If your financial situation makes it impossible to pay your tax debt in full, you may consider applying for an Offer in Compromise (OIC). This option allows you to settle your tax debt for less than the total amount owed, provided you meet specific IRS criteria:

  1. Determine Eligibility: Assess your financial situation and determine if you meet the IRS criteria for an OIC. The IRS considers factors such as your ability to pay, income, expenses, and asset equity.
  2. Complete Forms: Submit IRS Form 656, Offer in Compromise, along with Form 433-A (OIC) or Form 433-B (OIC), depending on your circumstances. These forms require detailed financial information.
  3. Pay the Application Fee: Be prepared to pay an application fee unless you qualify for a low-income certification. Fee waivers are available for eligible applicants.
  4. Await IRS Review: The IRS will review your financial information and assess your eligibility for an OIC. This process may take several months.
  5. Negotiate with the IRS: During the review process, you or your tax professional may have the opportunity to negotiate the terms of your OIC with the IRS. It’s crucial to present a reasonable offer based on your financial circumstances.
  6. Acceptance or Rejection: The IRS will either accept or reject your OIC proposal. If accepted, you can settle your back taxes for the agreed-upon amount. If rejected, you have the option to appeal the decision.
  • Set Up a Payment Plan Online

For those who prefer the convenience of online transactions, the IRS offers an Online Payment Agreement tool. This tool allows you to set up a payment plan without the need for paper forms or phone calls. Here’s how to use it:

  1. Access the Tool: Visit the IRS website and search for the Online Payment Agreement tool.
  2. Provide Information: Enter the required information, including your tax identification number, the amount you owe, and the proposed monthly payment amount.
  3. Choose Payment Date: Select a convenient date for your monthly payment.
  4. Review and Confirm: Review the terms of the agreement and confirm your request.
  5. Receive Confirmation: Once your online payment agreement is accepted, you will receive a confirmation notice from the IRS.
  • Seek Professional Assistance

Dealing with IRS tax debt can be complex, especially if you owe a substantial amount or have unique financial circumstances. Enlisting the help of a qualified tax professional, such as a tax attorney, certified public accountant (CPA), or enrolled agent, can greatly enhance your ability to navigate the process successfully.

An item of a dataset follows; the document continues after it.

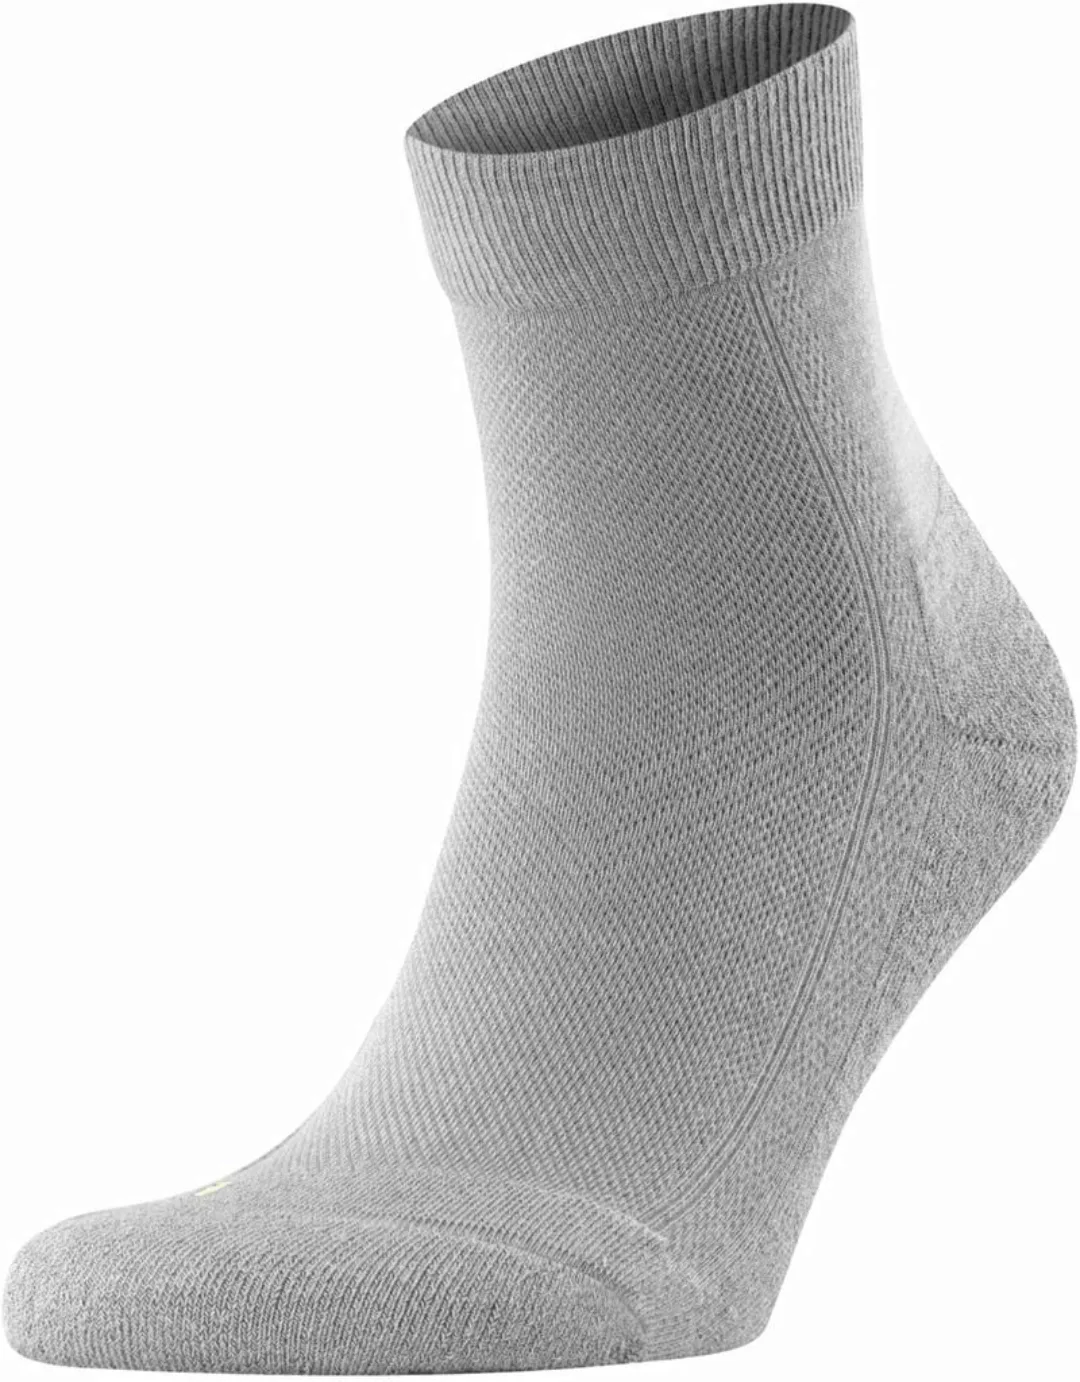 Falke Cool Kick Socke Grau - Größe 39-41 günstig online kaufen

Tax professionals can:

  • Assess your eligibility for various IRS programs.
  • Prepare and submit the necessary forms and documentation accurately.
  • Negotiate with the IRS on your behalf for more favorable terms.
  • Provide expert guidance on the best course of action based on your financial situation.

While professional assistance may involve additional costs, the potential benefits in terms of reduced debt and minimized stress can make it a worthwhile investment.

Conclusion

Paying back taxes you owe to the IRS is a crucial step towards financial stability and peace of mind. Start by assessing your tax debt, contacting the IRS to establish communication, and exploring your payment options. Whether you choose to make a full payment, set up an installment agreement, apply for an Offer in Compromise, or seek professional assistance, taking proactive steps is key to resolving your tax debt successfully. Remember that timely action is essential to minimize penalties, interest, and potential legal consequences.